After almost two years of research on China's inward foreign direct investment (IFDI) and foreign invested enterprises (FIEs) in China's economy, Enright lauded China's step-by-step, sector-by-sector and location-by-location foreign investment strategy, and claimed that "it [China] has not lost sovereignty or influence significantly to the foreign companies."

During China's massive economic transformation, it was thought that a gradual incremental opening up would be better rather than to open up rapidly, and risk a collapse as experienced in other countries, he declared.

In his book, Enright analyzed how the huge FDI inflows, which averaged at US$120 billion per year, had impacted China's economy and brought additional effects including modernizing industries and companies, developing suppliers and distributors, boosting R&D and tech development, as well as improving business practices and standards.

Chinese leaders on multiple occasions expressed a strong willingness for opening up further. In March this year, President Xi Jinping said that "China's opening door will not close", vowing that the country will continue to open up on all fronts.

Premier Li Keqiang, in his government work report this year, also reiterated China's commitment to creating a level playing field for both domestic and foreign companies to ensure that they will be treated equally when it comes to license applications, standard settings, government procurement and will enjoy the same preferential policies under the "Made in China 2025" initiative.

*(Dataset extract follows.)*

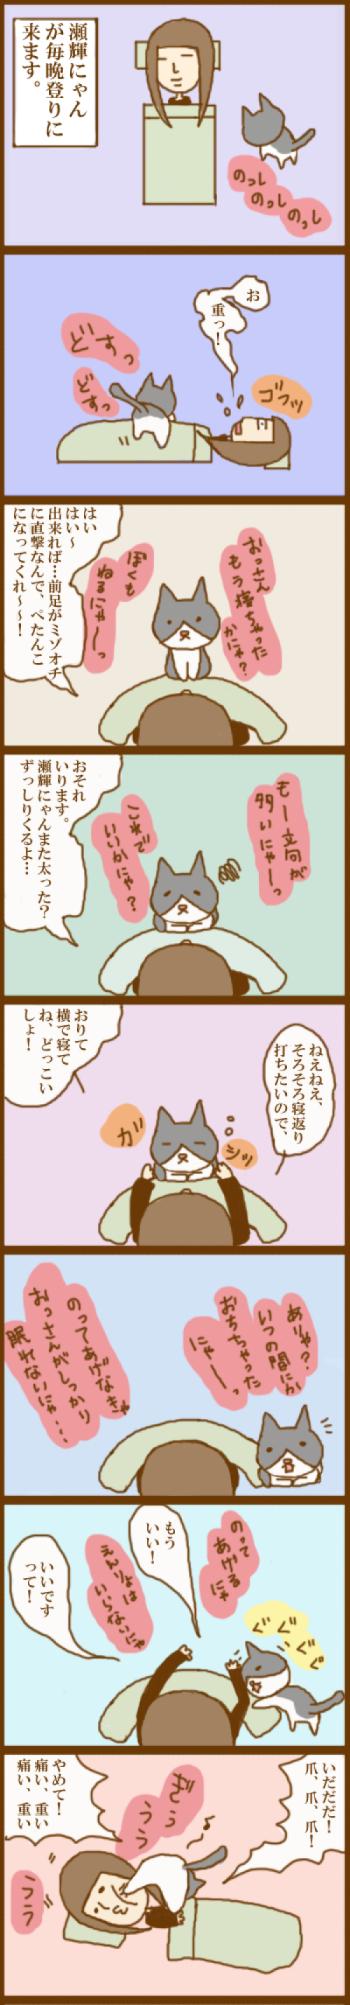 f:id:suzuokayu:20201117094603j:plain

On each stage of China's "revolution" to expand foreign investment, it has been a mutual learning situation in which China has learned about foreign companies and what they could potentially bring to china, and foreign companies have learned that inconducting their business in China, they have to follow all the rules and regulations, said Enright.

While recognizing all the advantages of FDI inflows, Xu Qiyuan, deputy head of the global macro economy division at the Chinese Academy of Social Sciences (CASS), pointed out the undesirable effects brought by foreign investment and foreign-invested enterprises, like technology hold-ups and fierce competition which stifles the growth of domestic companies.

Accordingly, he called for a more sober-minded perspective on opening up and foreign investment along with China's continuous commitment to globalization, particularly through the Belt and Road Initiative.